January 19, 2026
2025 results: Success built on customer service
Building on its status as the No. 1 workers’ compensation carrier in Minnesota, SFM had another strong year in 2025, with gains in newer markets, as well.
“About half of SFM’s business is now from states outside of Minnesota,” said Shawn Miner, VP of Regional Business. “In addition to maintaining the lead we’ve held in Minnesota for over 20 years, it’s fantastic to see strong growth coming from our other core states.”
Also of note, in 2025 SFM moved claims handling in-house in Indiana and Tennessee, which is expected to provide better service for policyholders and bolster SFM’s reputation in these states.
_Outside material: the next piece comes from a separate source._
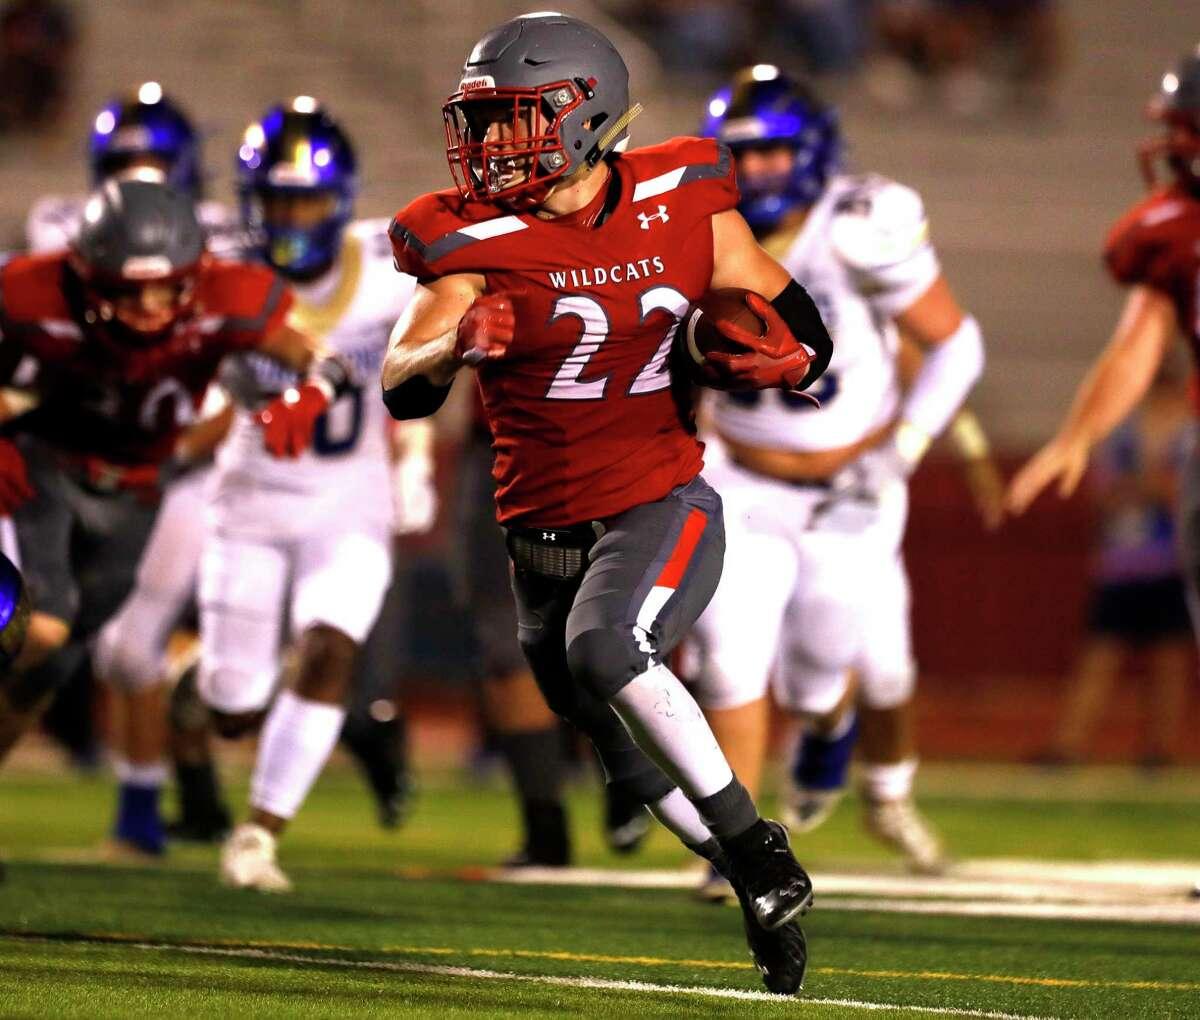 Splendora running back Zane Obregon (22) runs the ball during the second quarter of a high school football game, Friday, Sept. 16, 2021, in Splendora.

This change allowed SFM to increase its appetite and write business for accounts larger than $25,000 in Indiana and Tennessee.
“We’re excited to add employees in our newer states as our footprint continues to grow,” said Cody Allen, SFM Territory Manager. “With claims handling coming in-house and our standing in new core states expanding, we are looking forward to increasing our presence and, in turn, our market share.”
Wisconsin, specifically, had an excellent 2025, with a record for new business premium.
“Our passion for providing the best work comp service is resonating with agents and policyholders,” said Rick Spaulding, a Wisconsin Team Business Leader. “They invest in a relationship built on trust.”
Highlights from 2025 include:
- 93% policyholder retention rate
- Total written premium of just over $253 million for 2025
- New business premium of $28.4 million
- Added 6,071 new business policyholders
- Another year of an A- rating from AM Best
- SFM Foundation awarded 19 new scholarships, bringing the total to $4.7 million
- Ongoing member of Keystone Program, donating 2% of pre-tax profits to charity
SFM partners with thousands of independent agents and serves more than 50,000 policyholders. In addition, SFM’s portion of the Wisconsin Workers’ Compensation Assigned Risk Plan is increasing from 20% to 25% this year.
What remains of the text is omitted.